One of our aims is to produce a workflow for publishing Linked Open Data that is simple for our collection curators to engage with and continue to use post-project. Whilst we can produce one-off Linked Data snapshots of their archives during the project, a real measure of success would be to see those processes embedded into the standard work of the collection maintainers. From their point-of-view the steps for re-publishing the various collections as Linked Data should be as straightforward as possible. Just uploading a raw data file, for example. We want to avoid (as much as possible) introducing requirements that involve too much manual intervention.
So let’s consider one possible workflow for the Penguin Archive in this post. (This workflow is based around the concept of local Linked Data publishing platform, though we are also considering remote third-party options.)
- The collection is held in an instance of Axiell CALM. Using its desktop client it is a relatively straightforward process for an archivist to export collection data to EAD XML format.

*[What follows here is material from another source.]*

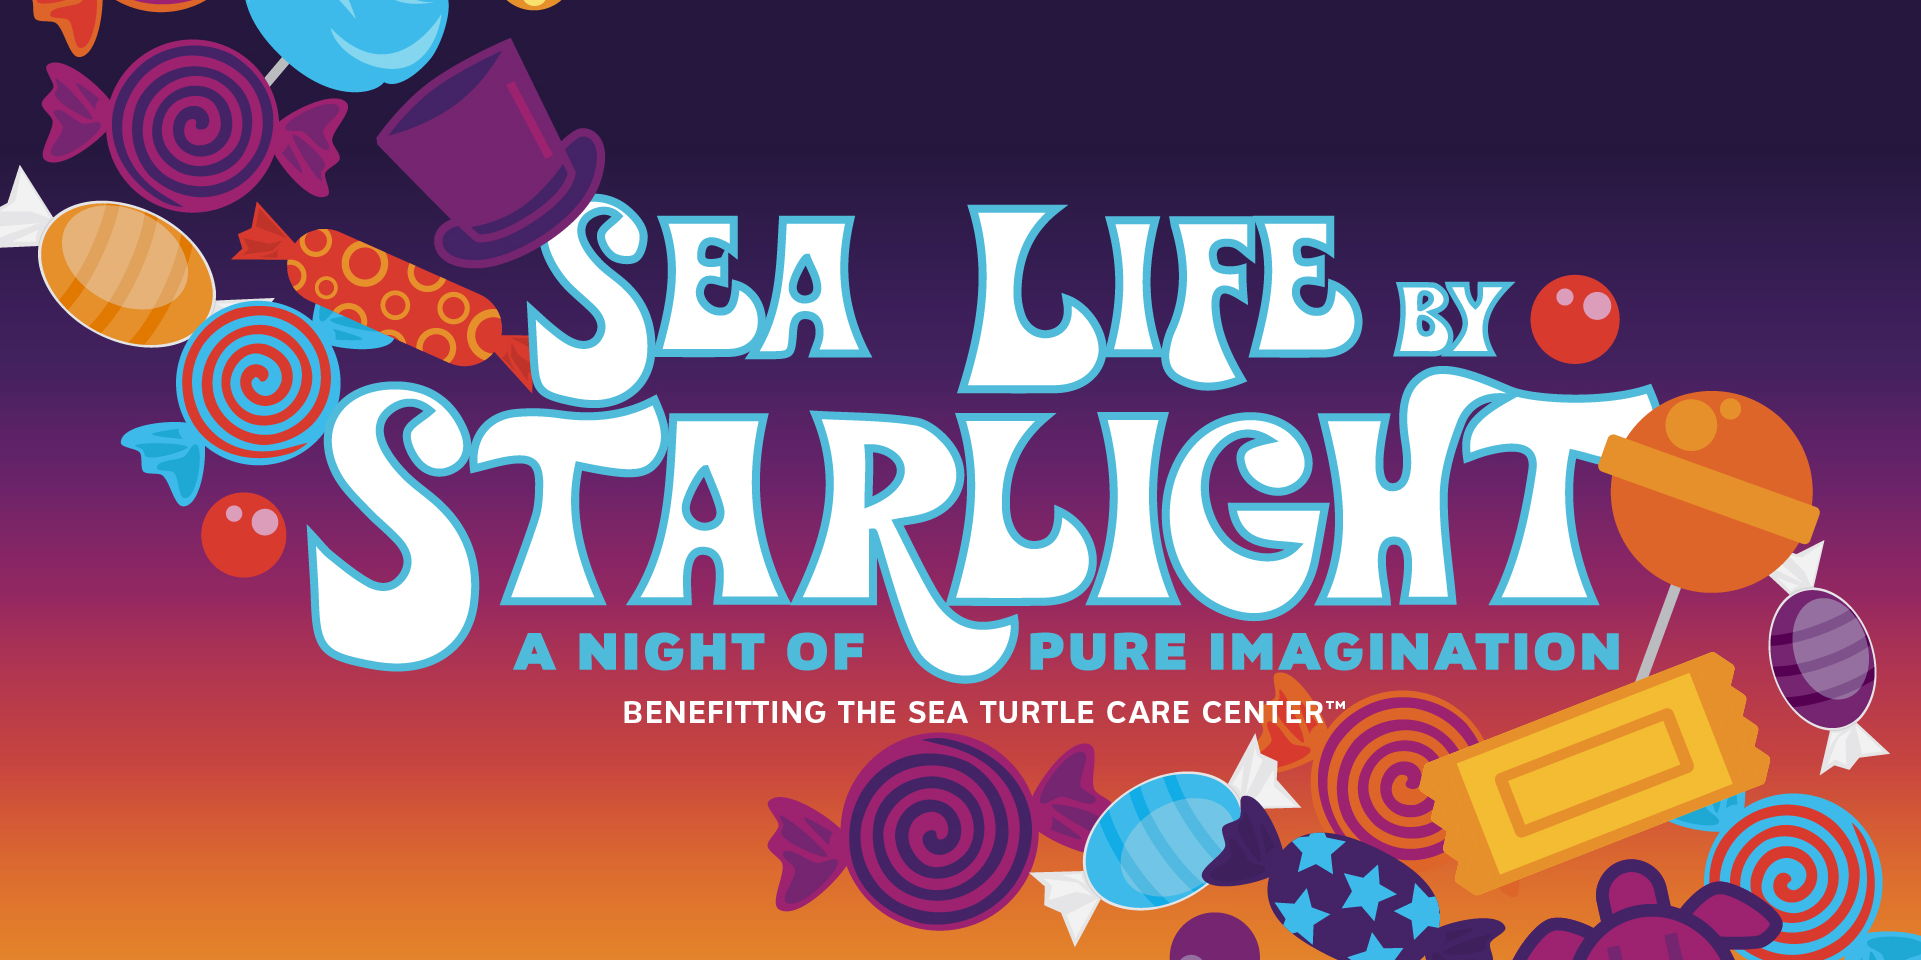 Sea Life by Starlight at the South Carolina Aquarium promotional image

- The resulting files can be uploaded to our Linked Data Publishing Service (LDPS) via a browser-based tool. This tool will provide a simple management interface to govern the workflow, the first part of which is transformation into RDF. Building on work done in the LOCAH project we use XSLT to produce RDF from the EAD XML.

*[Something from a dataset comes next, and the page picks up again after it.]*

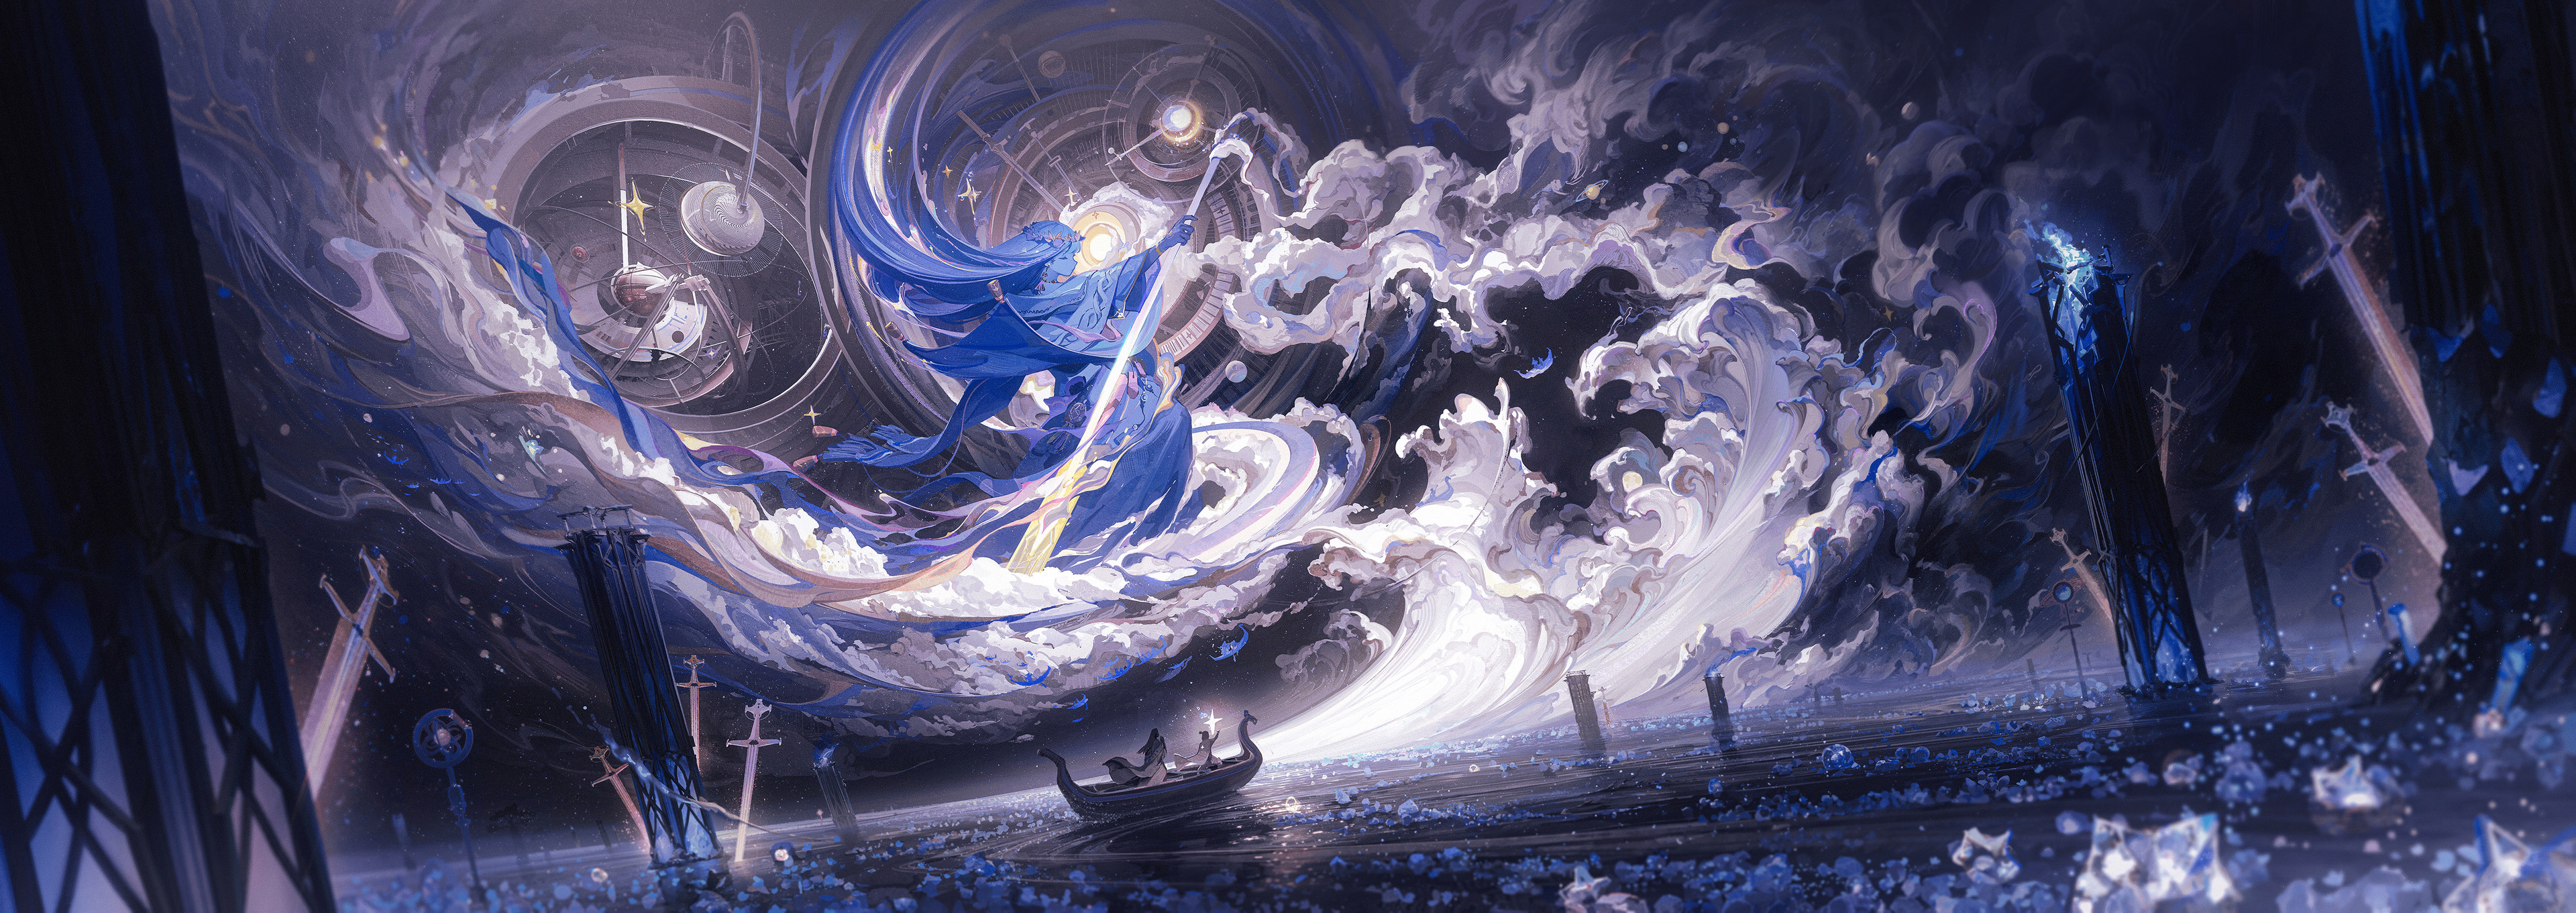 Ying Yi Sky Night Night Sky Oar Dress Chinese Clothing Boat Clouds Sea Stars Silhouette Gears Crysta 3840x1361

- Using the LDPS again, the RDF is loaded into a triple store. Our intention here is to use Fuseki for this task. Using its support for SPARQL over HTTP the LDPS will manage each collection as a separate Named Graph. Fuseki provides a SPARQL endpoint to these Graphs and also serves the Default Graph as their union.

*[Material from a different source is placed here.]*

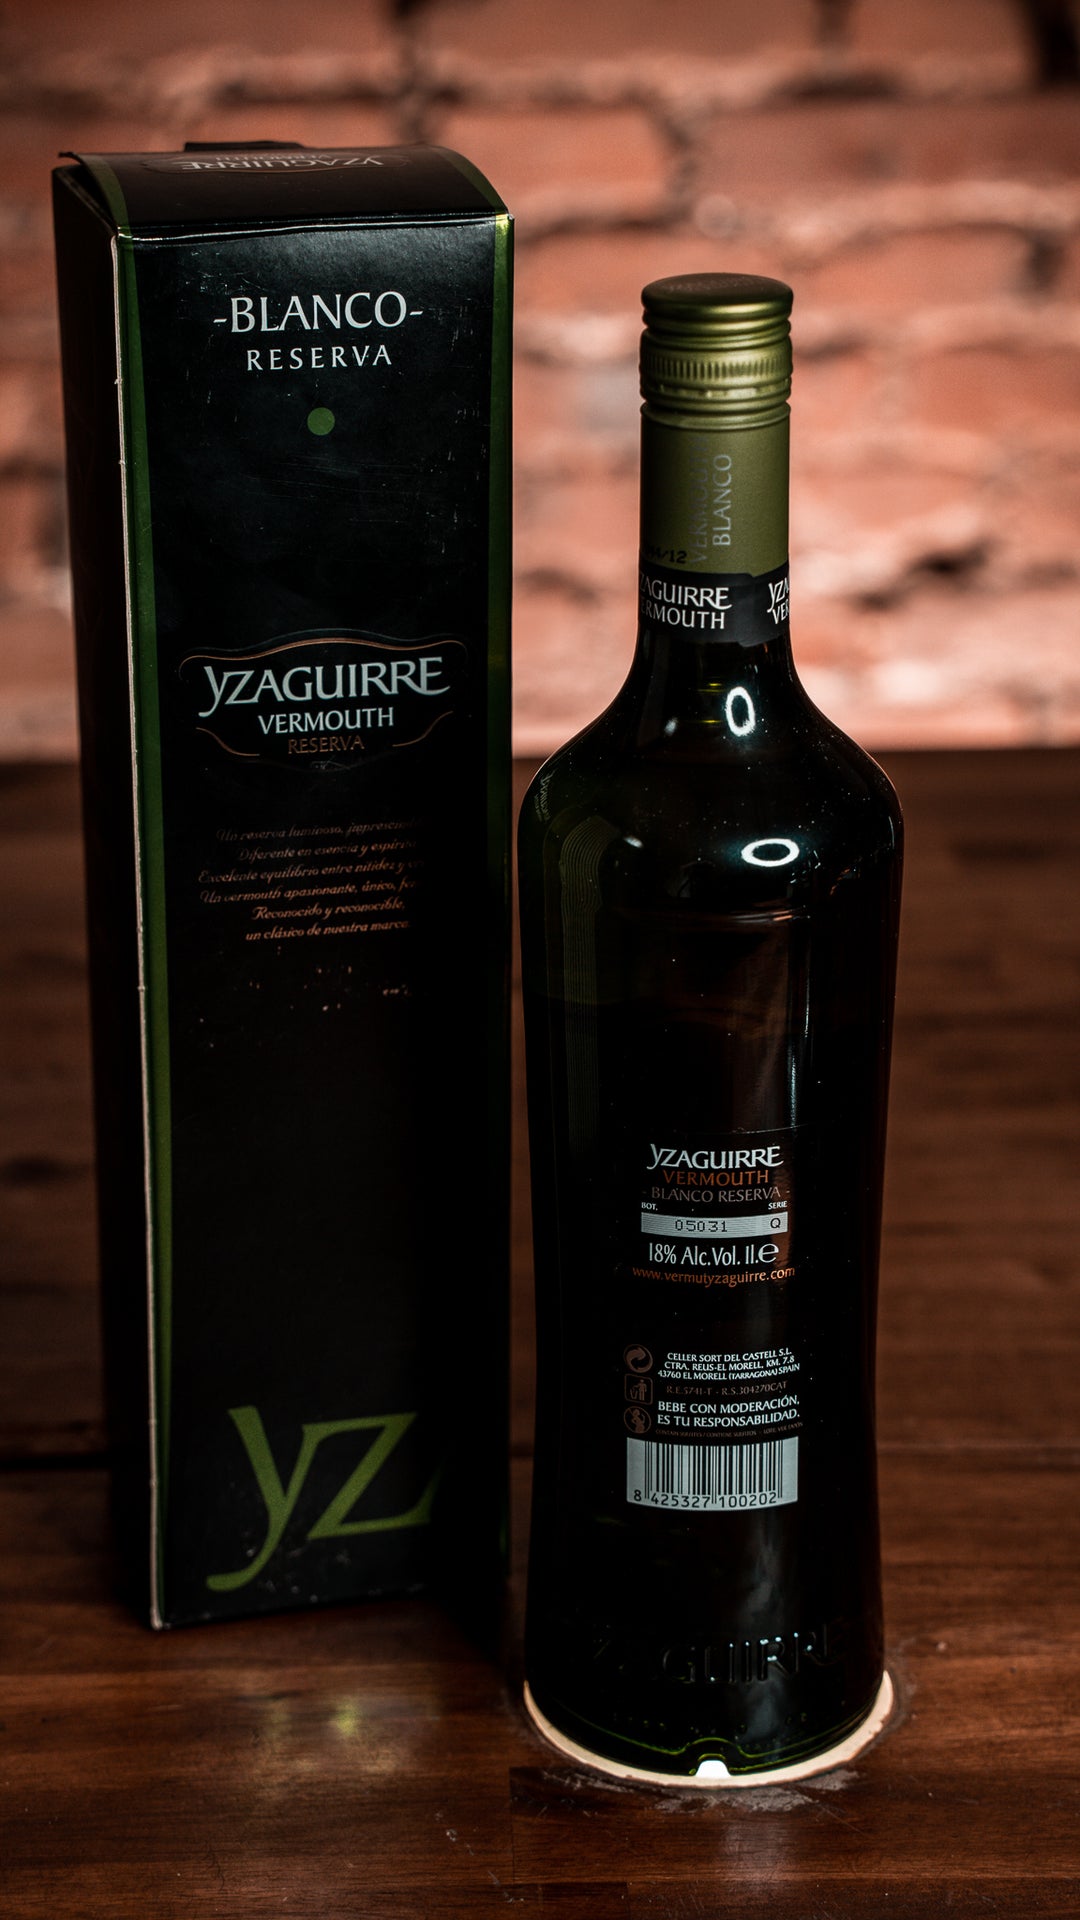 Yzaguirre Blanco Vermouth 15% 1l - Spirituosengalerie

- In order to serve the Linked Data we intend to use Elda. This is an implementation of the Linked Data API and will answer Linked Data requests by translating them to backend SPARQL queries.
Here is a graphical overview of this architecture:
In terms of automation it doesn’t look to bad. The archivist needs to manage the CALM exports and XML file uploads to the LDPS. Then they (or someone else) would use the LDPS to manage the RDF transforms and triple store contents. The interface to these processes should hopefully be reasonably straightforward (upload, transform, publish to triple store). Elda, once configured, shouldn’t need touching.
So what is missing? Well, linking to other data sets for a start. In this area we’ll need the input of subject experts. When making links from our data sets to others we’ll need a human to confirm the links any automation (text parsing via DBpedia Spotlight?) has proposed. The design of this type of workflow needs to be carefully considered, with the results being cached for future use wherever possible. The subject for a future post.